Older people living with HIV (PLWH) experience multimorbidity that can negatively impact quality of life (QoL). Exercise can improve physical function, but effects on QoL are not well understood. 32 PLWH and 37 controls aged 50–75 completed 12-weeks of moderate-intensity exercise, then were randomized to moderate or high-intensity for 12 additional weeks. Depressive symptoms (CES-D scores) were significantly greater and QOL (SF-36 mental and physical summary scores) significantly lower among PLWH at baseline (all p < 0.05). PLWH had significantly greater worsening in CES-D scores compared to controls (3.4 [0.7, 6.0]; p = 0.01) between 13and 24 weeks. Mental QoL changed minimally, with no significant difference in changes by serostatus between weeks 0 and 12 or weeks 13 and 24 (p ≤ 0.22). Changes in physical function summary scores were similar by serostatus between 0 and 12 weeks (1.5 [−1.6, 4.6], p = 0.35), but declined significantly more among PLWH between 13 and 24 weeks (−4.1 [−7.2,−1], p = 0.01).
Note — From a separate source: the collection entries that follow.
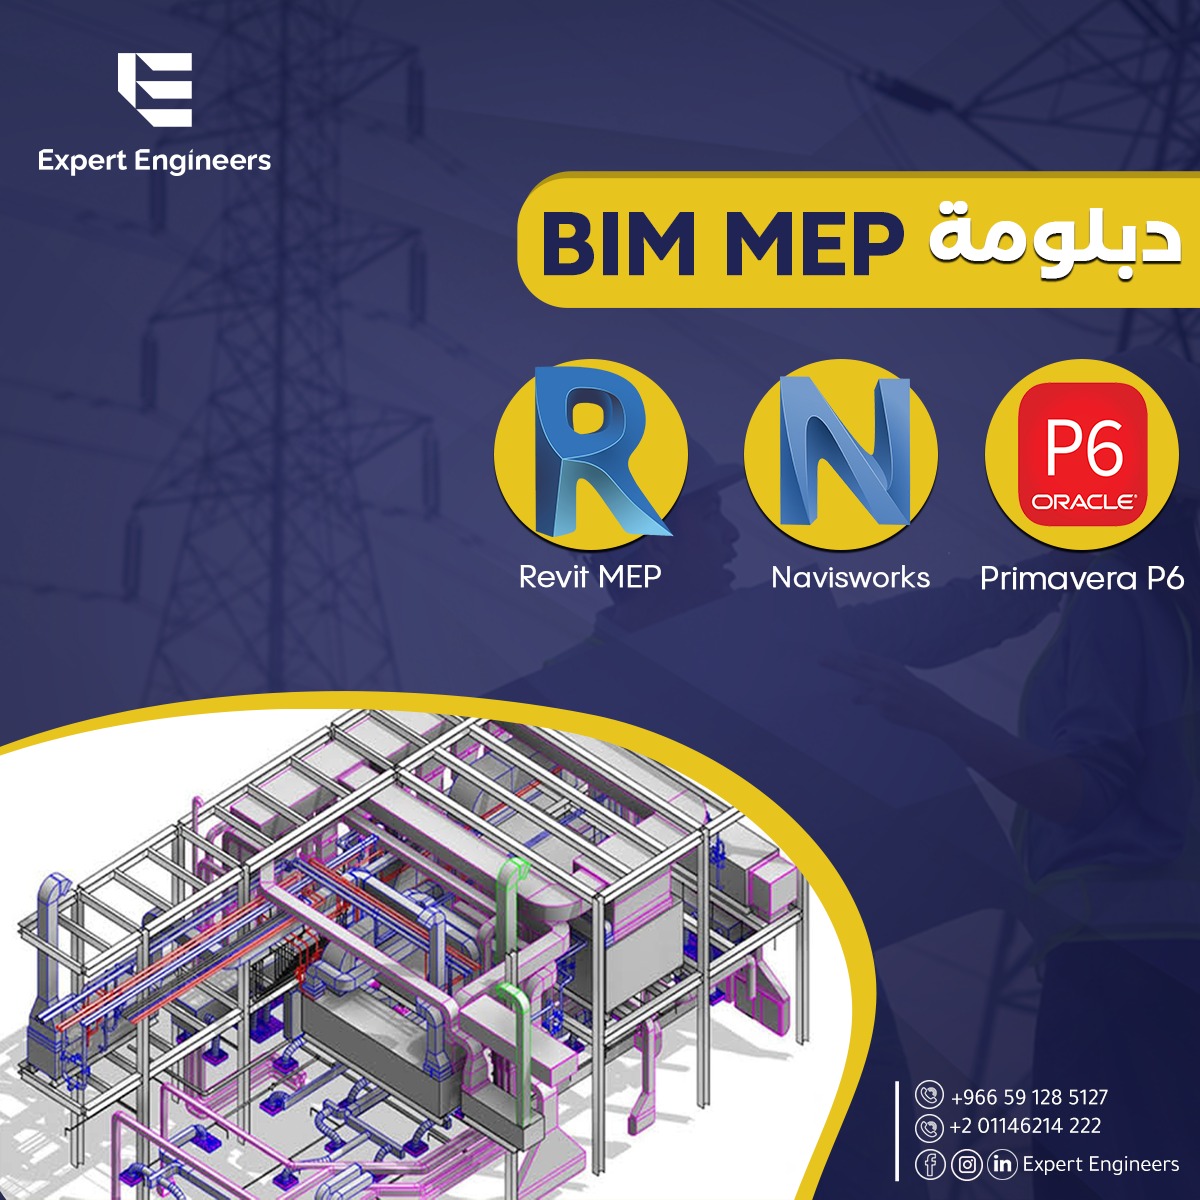 BIM And Project Management MEP
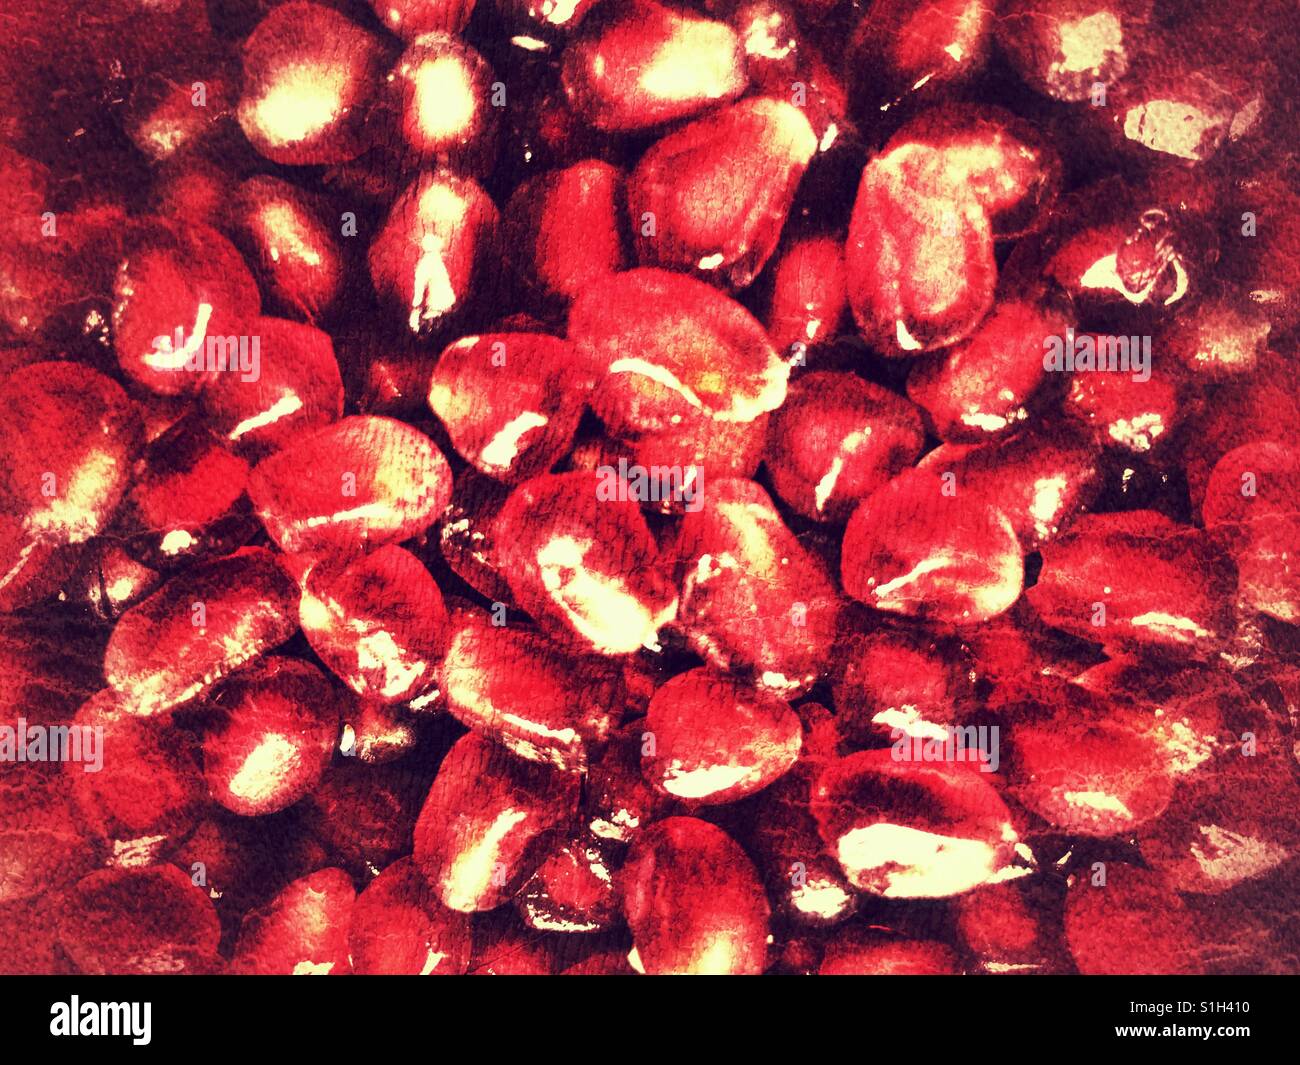 Pomegranate arils (seeds) Stock Photo
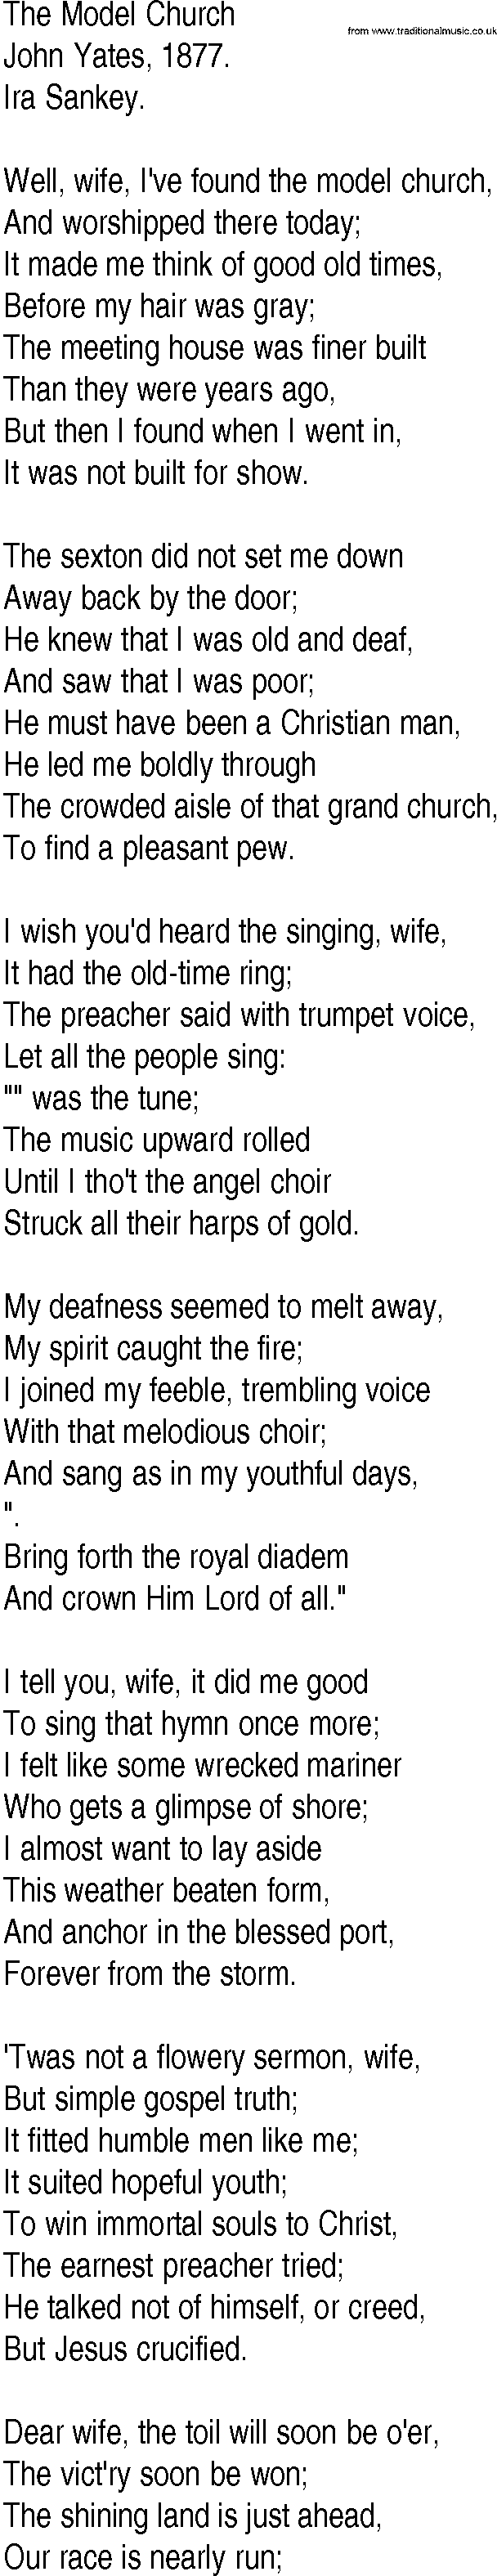 Hymn and Gospel Song: The Model Church by John Yates lyrics
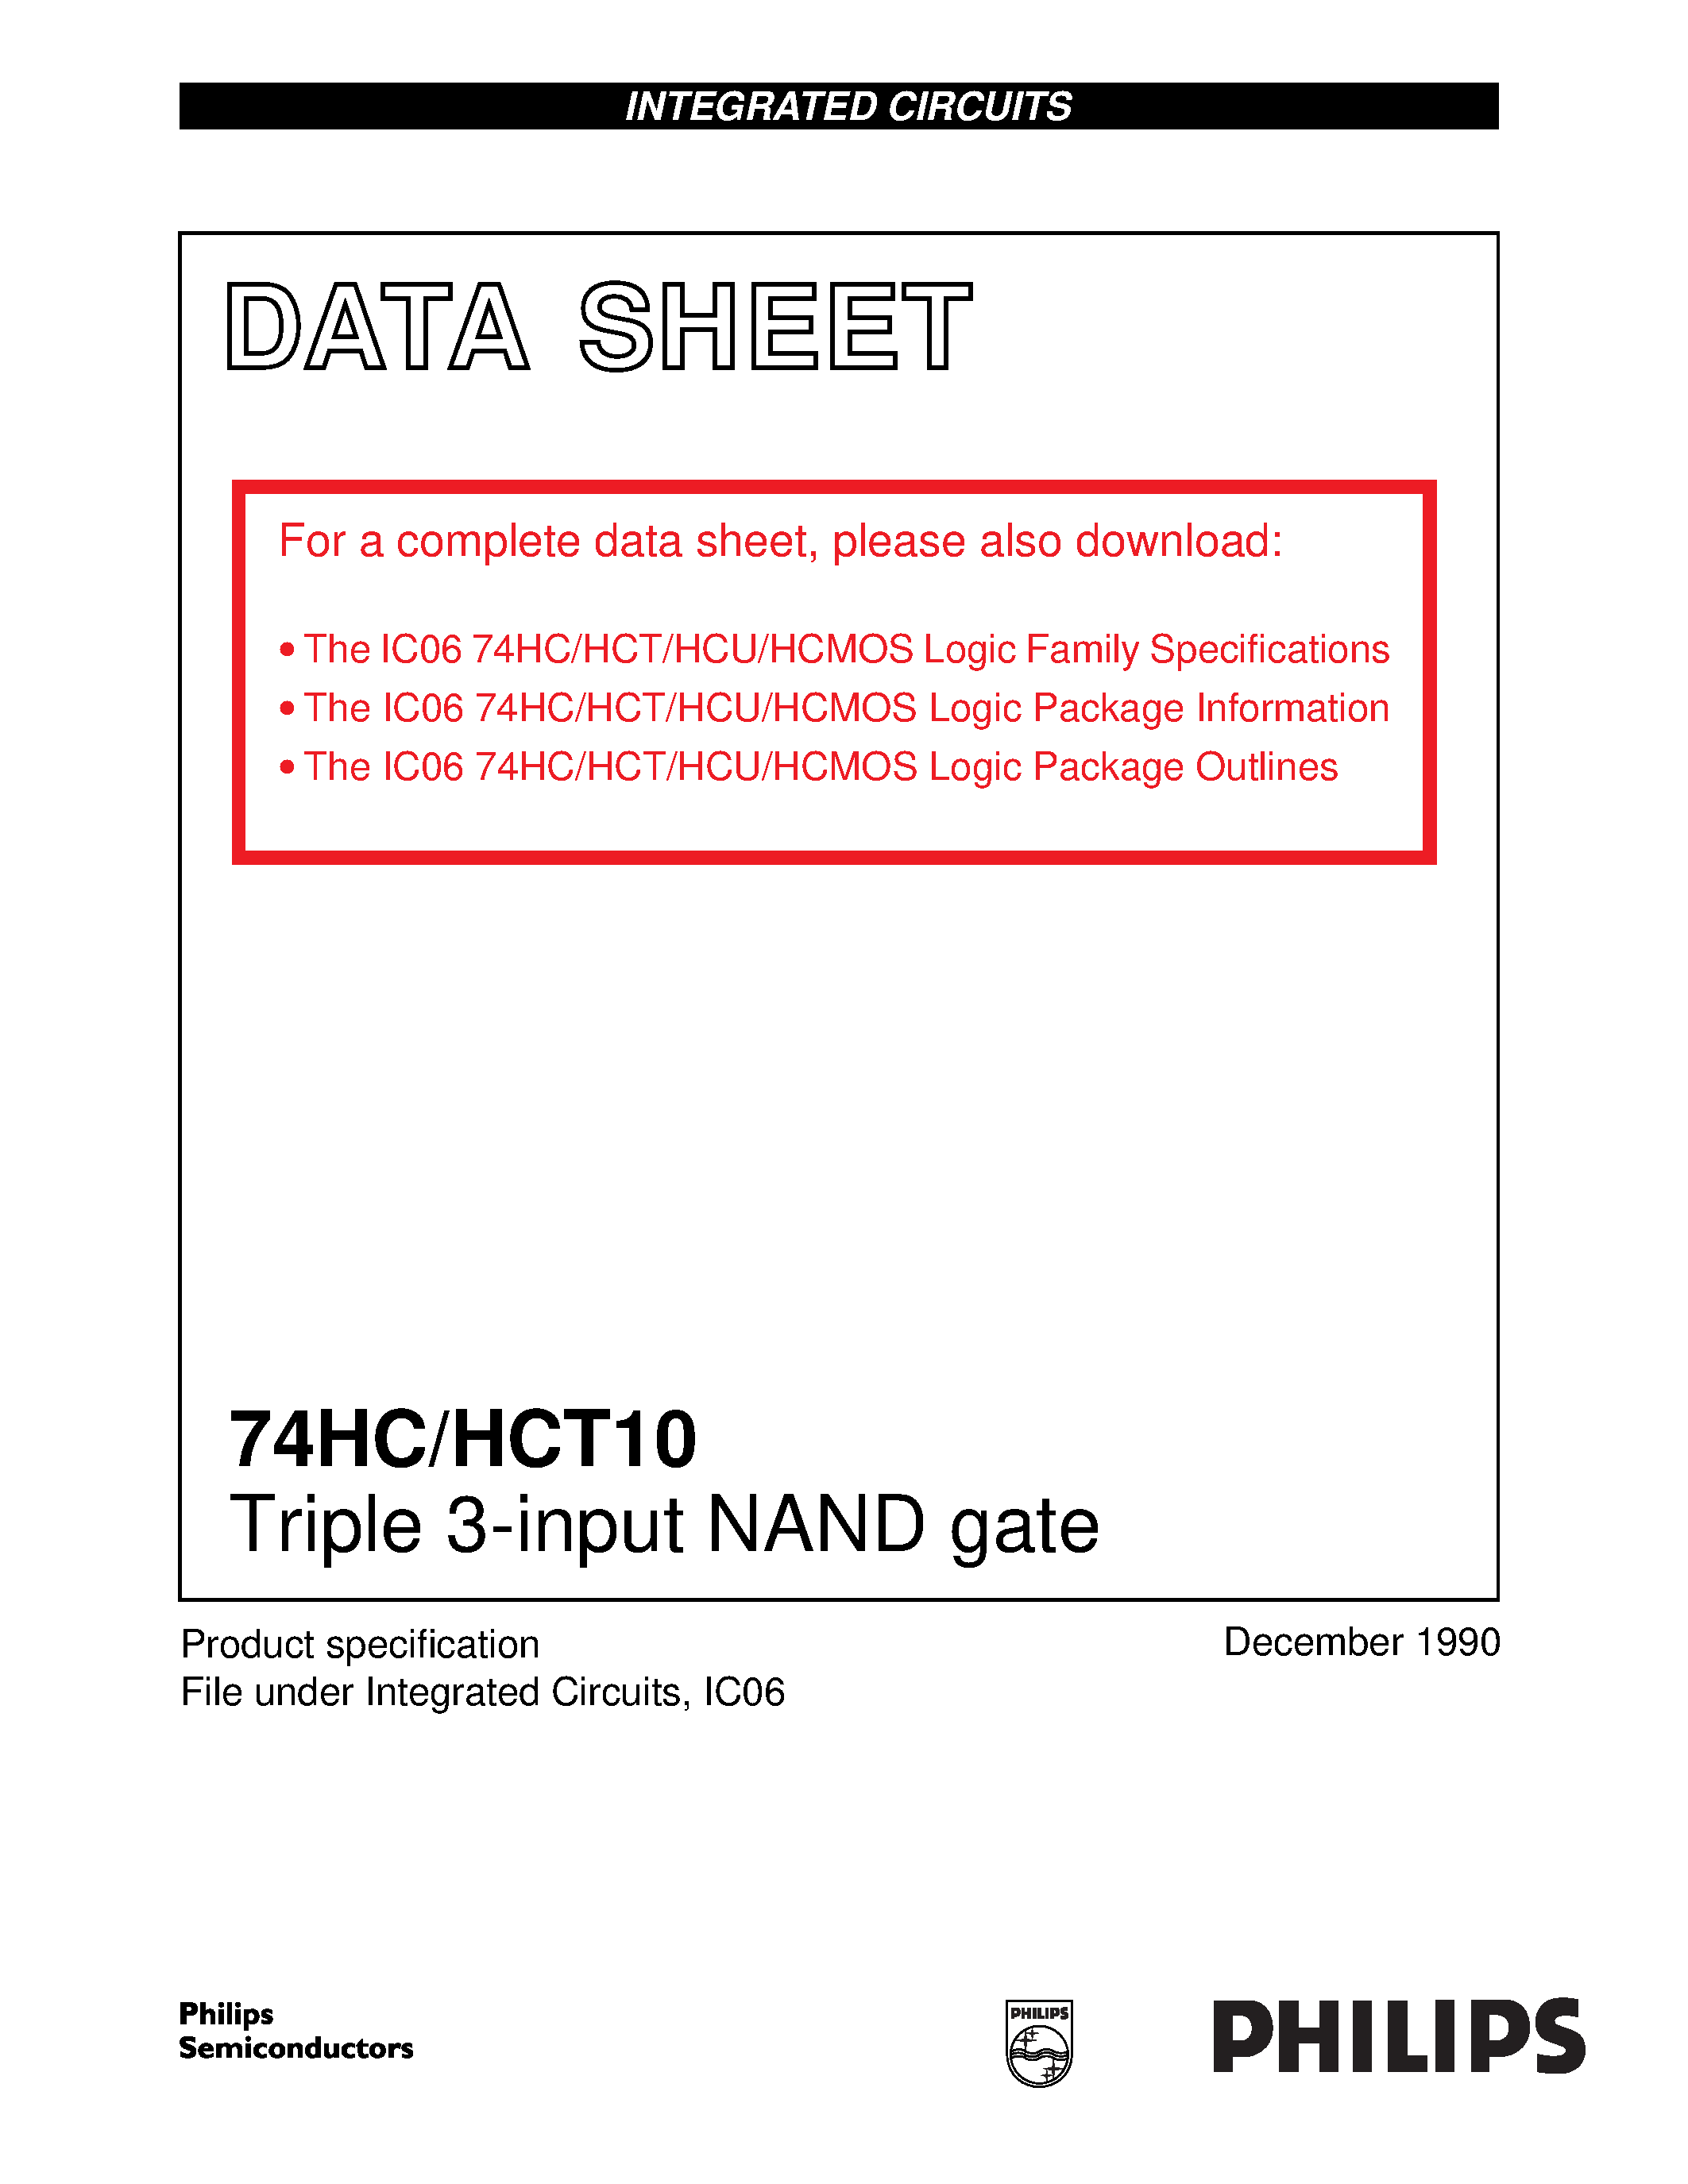 Даташит 74HC10 - Triple 3-input NAND gate страница 1
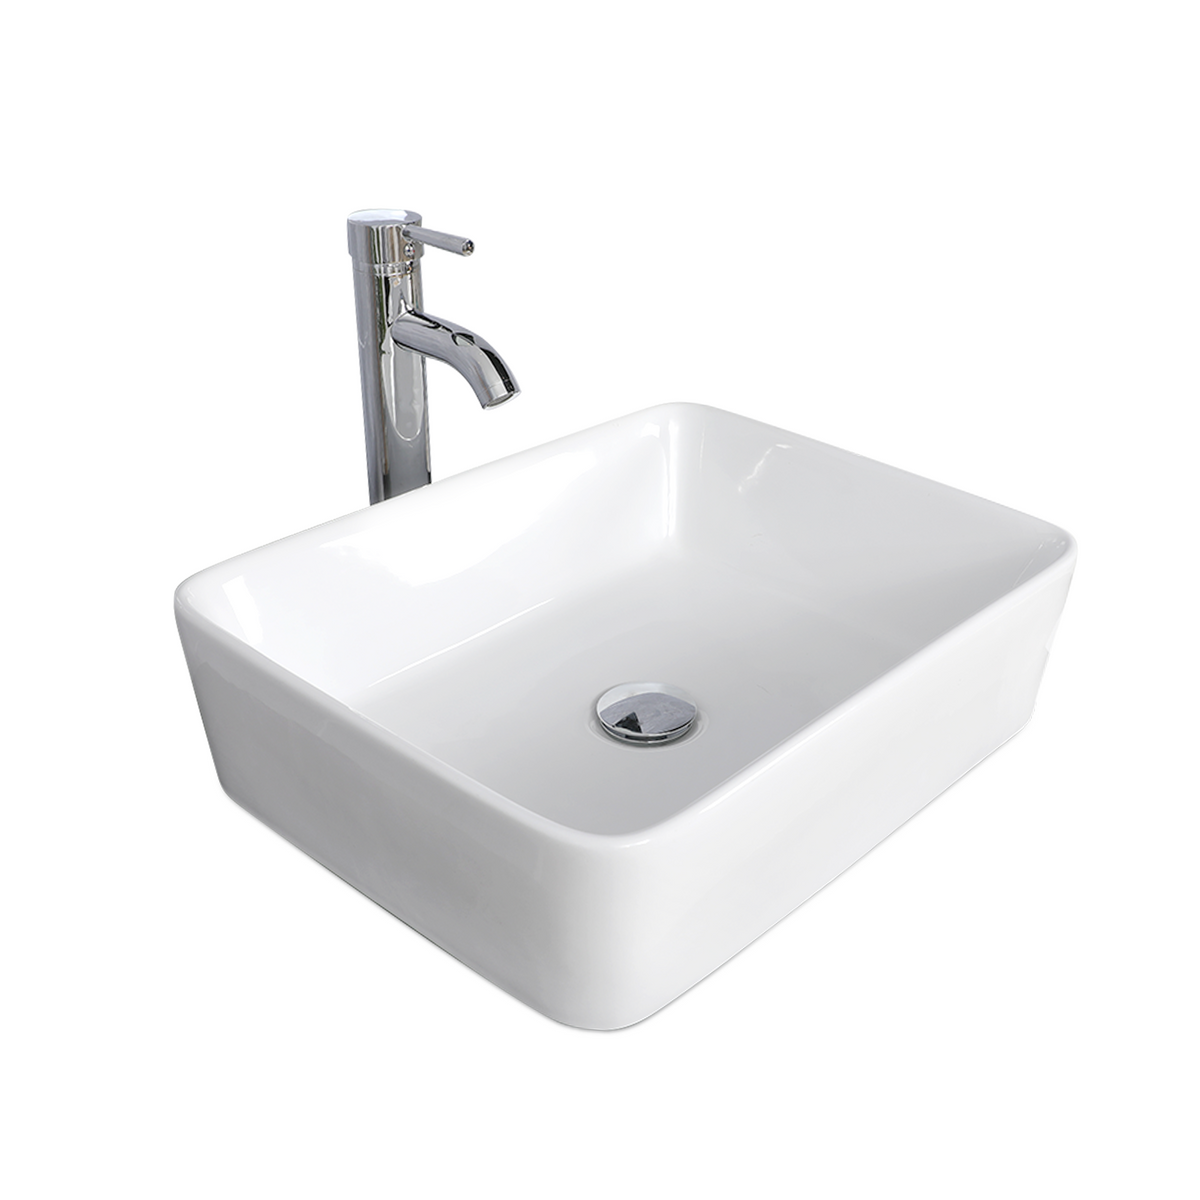 Bathroom Vessel Sink Combo Ceramic Bowl & Faucet & Pop Up Drain—White Rectangle

Exercise intensity had no significant effect on changes in CES-D or SF-36 summary scores; high-intensity exercise was associated with greater improvements in vitality/fatigue (4.1 [0.8, 7.3], p = 0.02), compared to moderate-intensity. Exercise initiation failed to improve depressive symptoms or QoL among PLWH. Additional interventions may be needed to maximize these patient-reported outcomes among older PLWH initiating an exercise program.

Disclosure statement

No potential conflict of interest was reported by the authors.

Additional information

Funding

This work was supported by the National Institutes of Health, National Institute on Aging [grant number K23AG050260] and National Center for Advancing Translational Sciences (NCATS) Colorado CTSA [grant number UL1TR002535] (to KME). The funding sources had a no role in data collection, analysis, or interpretation; trial design; or patient recruitment. The content is solely the responsibility of the authors and does not necessarily represent the official views of the National Institutes of Health.